The Fed begins its two-day policy meeting on Tuesday, and will issue a statement and economic projections at the conclusion of the meeting tomorrow. It is expected to leave its benchmark overnight policy rate unchanged at the current range of between 2.25% and 2.5%. But slow employment growth in May, the ongoing trade war with China, comments by Federal Open Market Committee members and weak inflation data have increased expectations for dovish remarks.
The dollar index was last up 0.17% at 97.728.
“Markets are largely keeping the powder dry ahead of tomorrow’s Fed announcement,” said Karl Schamotta, chief market strategist at Cambridge Global Payments.
“We’re thinking that we are going to see a relatively dovish announcement, certainly acknowledging that risks have grown since the April meeting,” said Schamotta, citing the expectation in April that a U.S.-China trade deal was near.
“A recognition of that worsening environment is very likely, but a rate cut at this point I don’t think is on the table.”
CME Group’s FedWatch tool puts the probability of a quarter-point interest rate cut by the Fed on Wednesday at 22.5%, with a 70.2% probability of a rate cut at its next meeting in July.
The dollar’s rise was in part pushed by a falling euro, which was down 0.29% at $1.119 after European Central Bank chief Mario Draghi said policymakers will provide more stimulus if inflation does not pick up.

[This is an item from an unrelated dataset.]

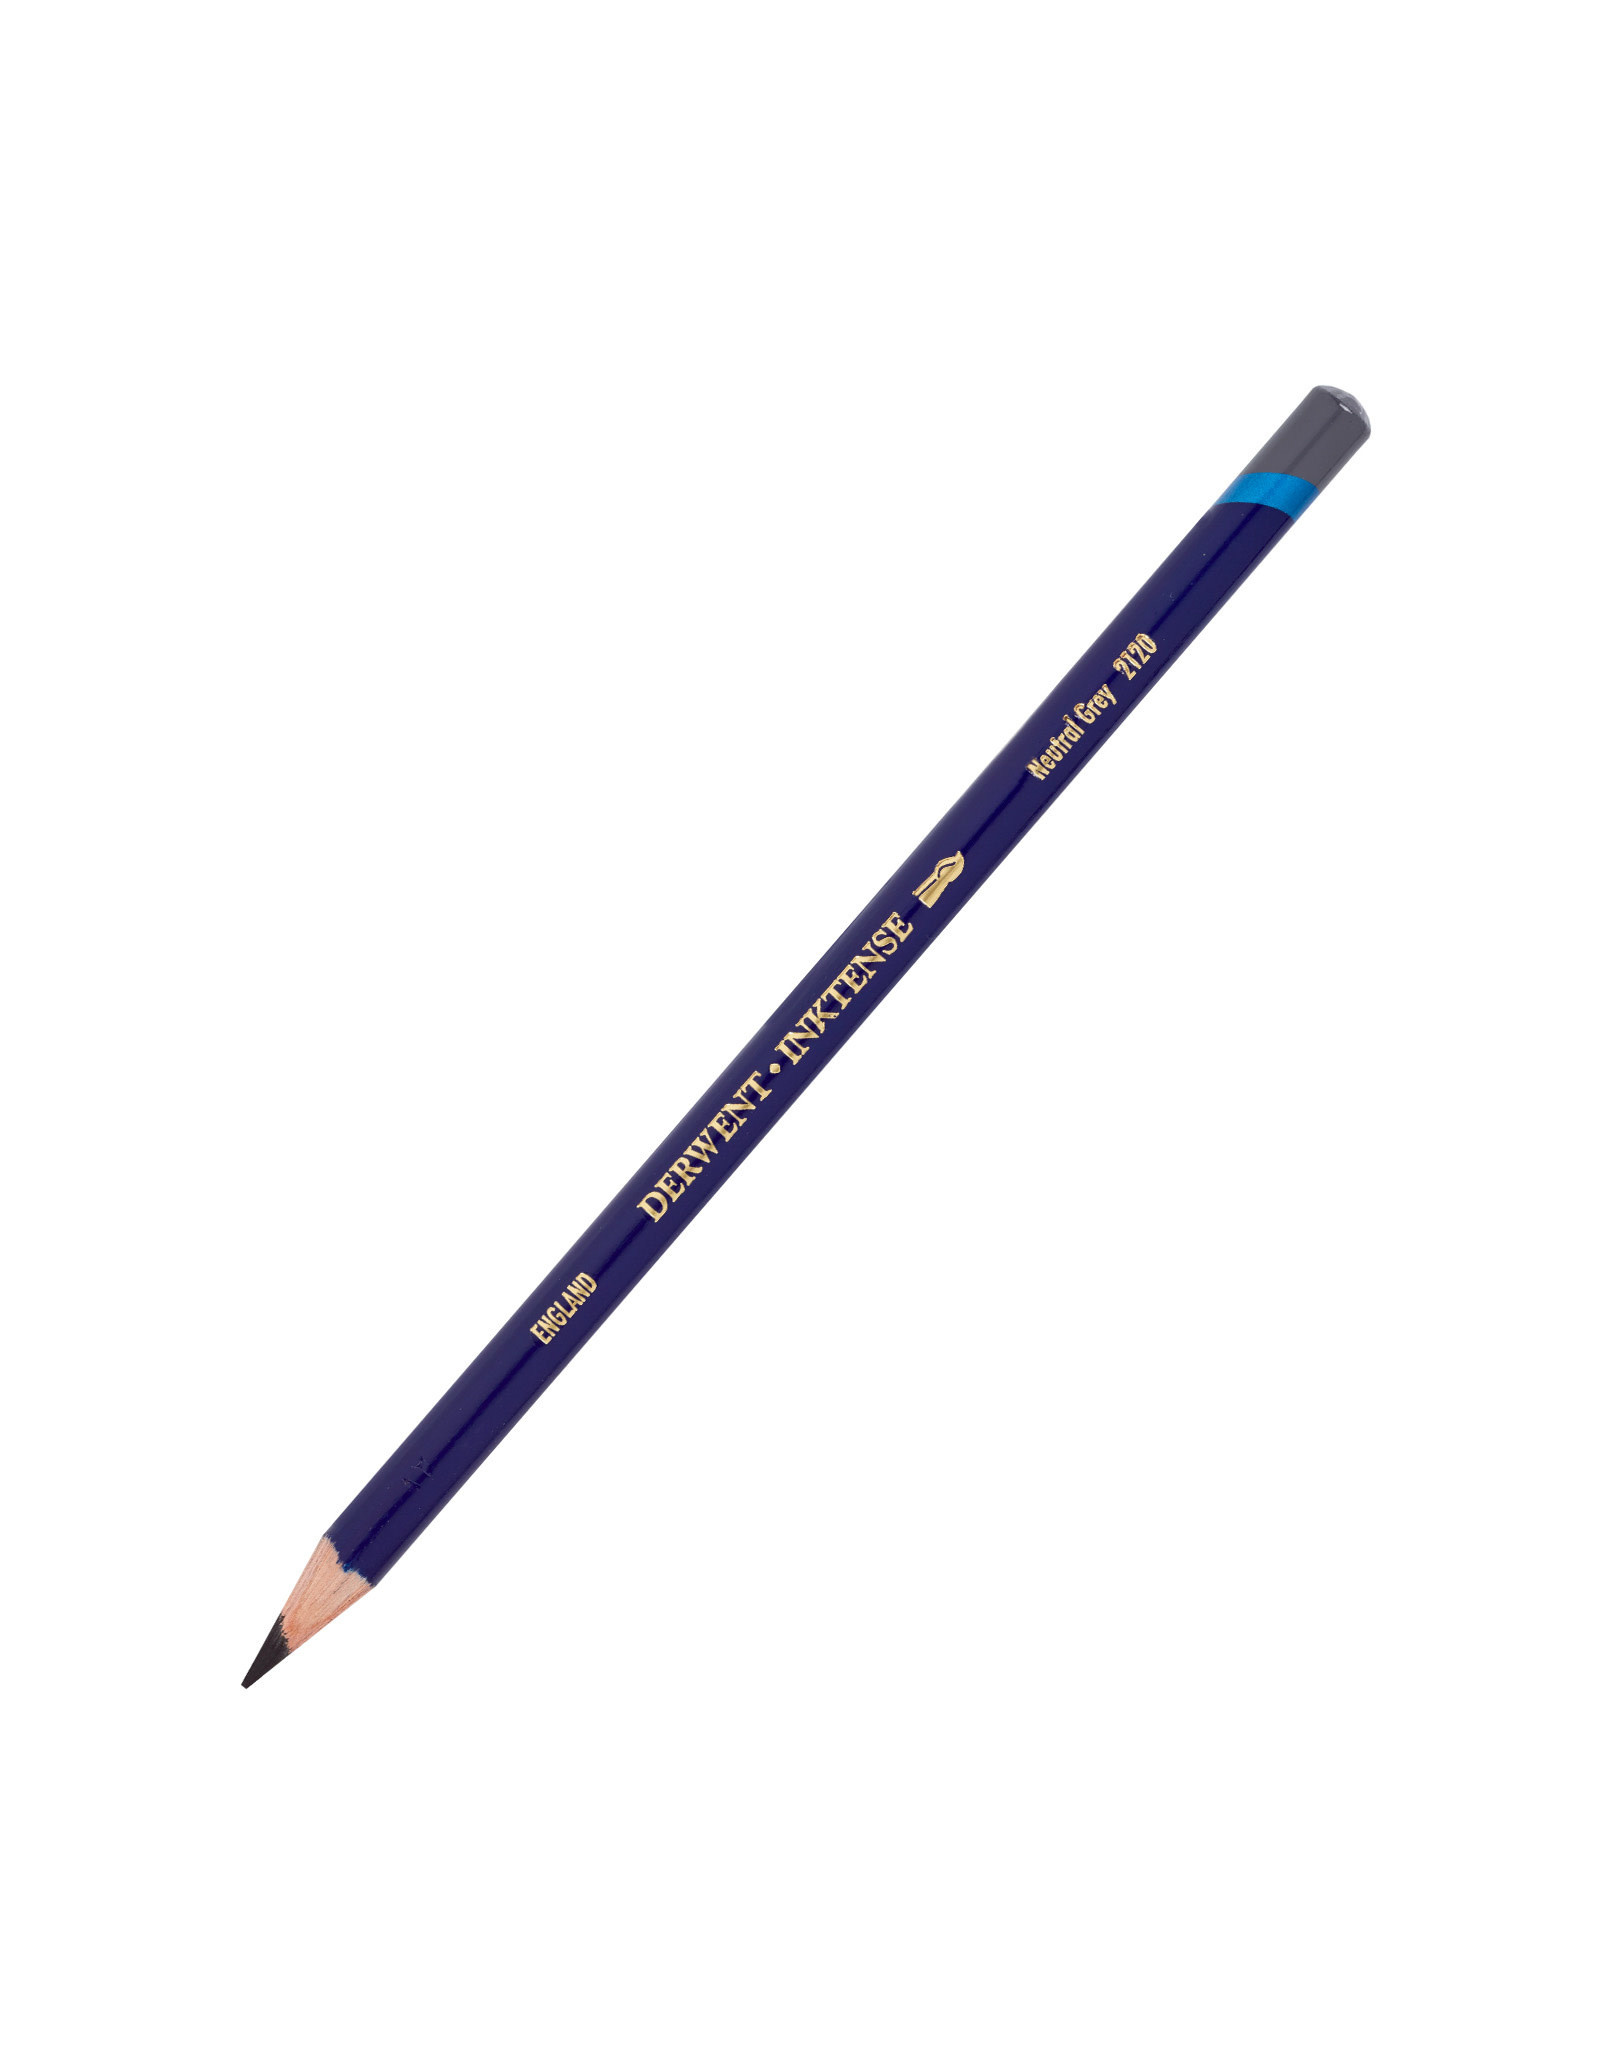 Derwent Derwent Inktense Pencil, Neutral Grey

At a speech in Sintra, Portugal, Draghi said the ECB could still cut rates, adjust its guidance, offer mitigating measures to counter the unwanted side effects of negative rates, and also had “considerable headroom” for more asset purchases.
“That is twice in less than two weeks he has warned about the risks to price stability but today we got the clearest hint that a rate cut and/or QE2 could happen,” said Kenneth Broux, a currency strategist at Societe Generale in London.
“Draghi’s words that the council will deliberate ‘in the coming weeks’ is implicitly a reference to the next council meeting in July or September.”
With benchmark euro zone interest rates already in negative territory and inflation expectations well below central bank forecasts, markets perceived Draghi’s comments as dovish.